E, sem que Elrohir encontrasse criatividade ou ânimo para uma resposta, o guerreiro louro já o puxava pelo braço na direção da saída da cidade.
"Onde estamos indo?"
"Não está procurando seu amigo fujão? Onde pensa que ele pode estar? Com sorte nenhum guarda do portal o deixou passar despercebidamente."
Elrohir sacudiu a cabeça.
"Ilúvatar não seria cruel a ponto de criar outra criatura tão estúpida quanto Beinion, seria um completo desperdício de matéria prima e notas musicais."
Para isto Glorfindel teve que ceder ao riso, que queria contagiá-lo desde o momento em que vira o apavorado Beinion erguido a centímetros do chão por um enfurecido Elrohir. Aquela cena era um quadro que, sem dúvida, faria par com aqueles destinados a formar harmoniosa decoração nas paredes de sua memória.
No entanto, nem tudo era riso em Imladris. Na verdade, naquelas últimas semanas, o riso convertera-se em momento raro. Glorfindel parou incrédulo e abruptamente. Então segurou o braço de Elrohir com mais força do que gostaria e por um motivo totalmente diverso do que fora o último. O gêmeo estranhou a princípio, mas depois, voltando para a direção que o amigo elfo fitava, ele também sentiu o desejo súbito de esfregar o olhos.
Pelo largo portal da cidade entrava uma valorosa comitiva, aproximadamente quinze cavalos, todos brancos ou quase brancos, com elfos distintos daqueles que habitavam Valfenda. Eram guerreiros sindar e silvestres com cabelos de diversos tons diferentes, uns de um louro claro, outros um tanto acobreados, alguns mais lisos, outros caindo em pequenas ondas.

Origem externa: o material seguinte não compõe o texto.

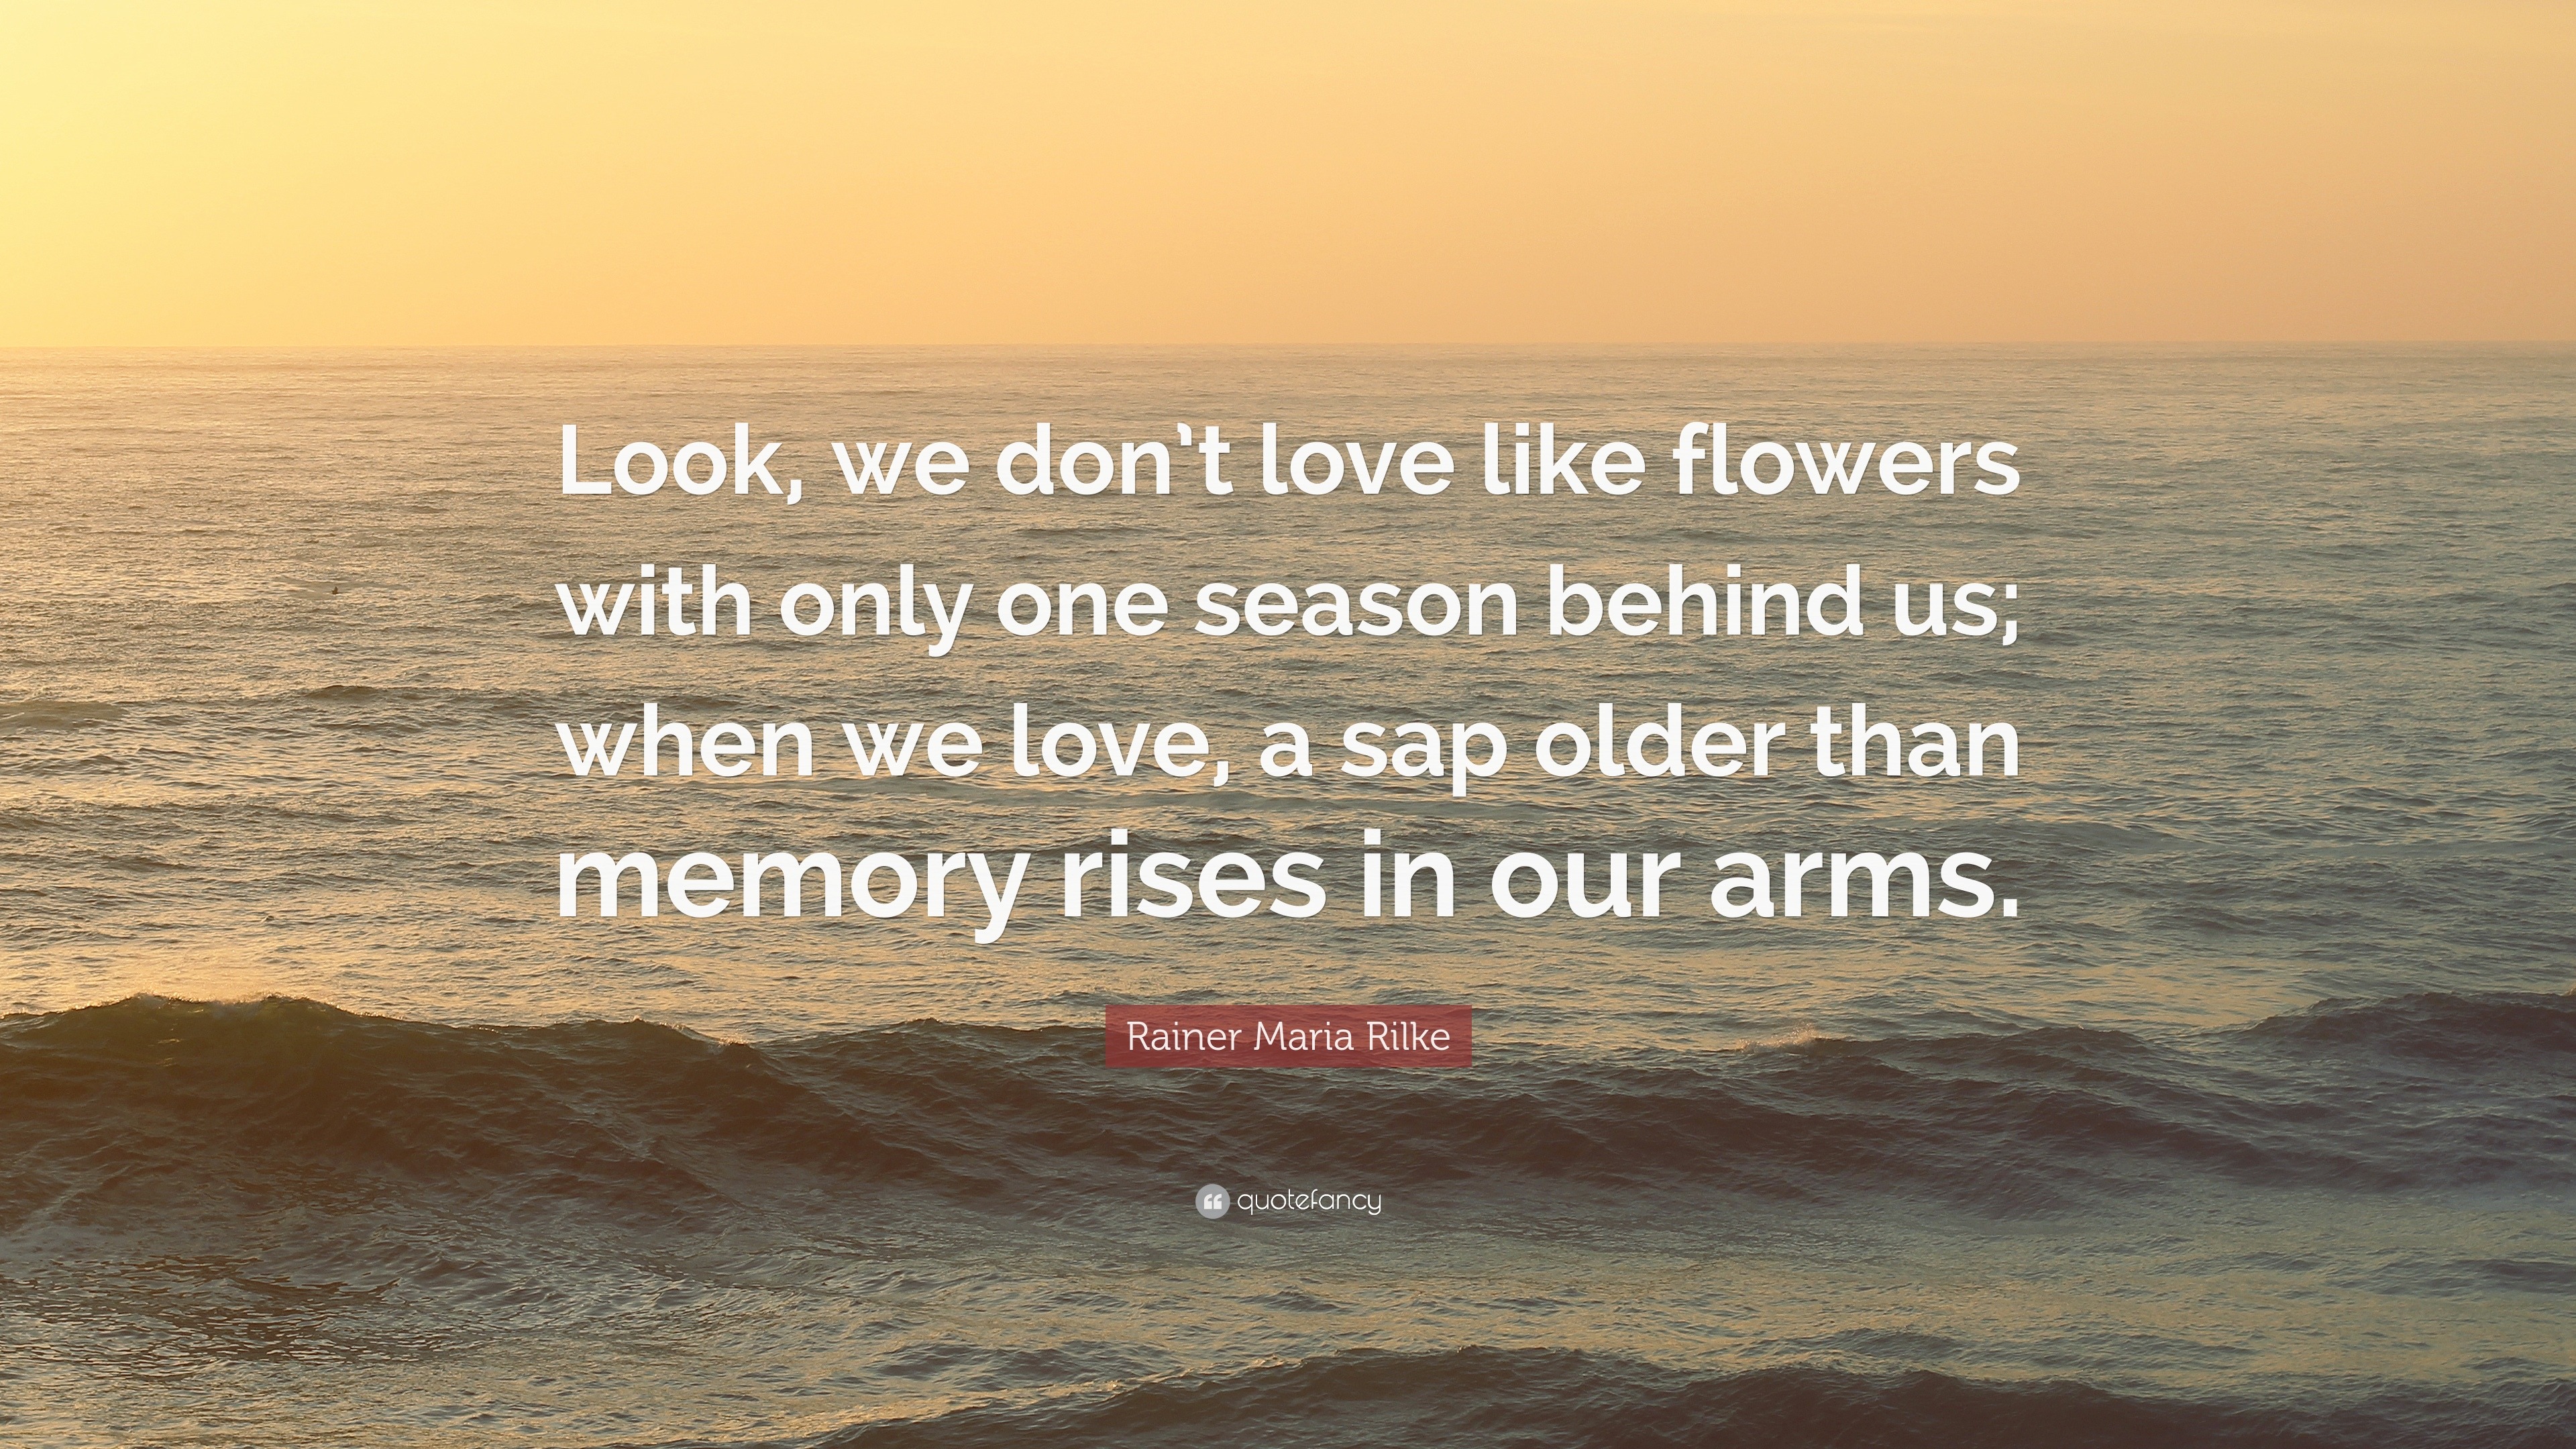 Rainer Maria Rilke Quote “Look we don t love like flowers with

Diante deles, em um enorme cavalo muito branco, vinha um altivo elfo, cujos cabelos e a beleza reluziam sob aquele sol de bondosa primavera. O grande guerreiro voltou-se no mesmo instante na direção dos dois elfos de Valfenda, como se percebesse que estava sendo observado. Em instantes envergou as douradas sobrancelhas, não parecendo muito mais satisfeito com sua presença ali quanto Elrohir e Glorfindel estavam ao sentirem-se obrigados a recebê-lo.
"Diga-me que estou tendo um pesadelo." Elrohir sussurrou.
"Diga-me que estou morto." Glorfindel completou.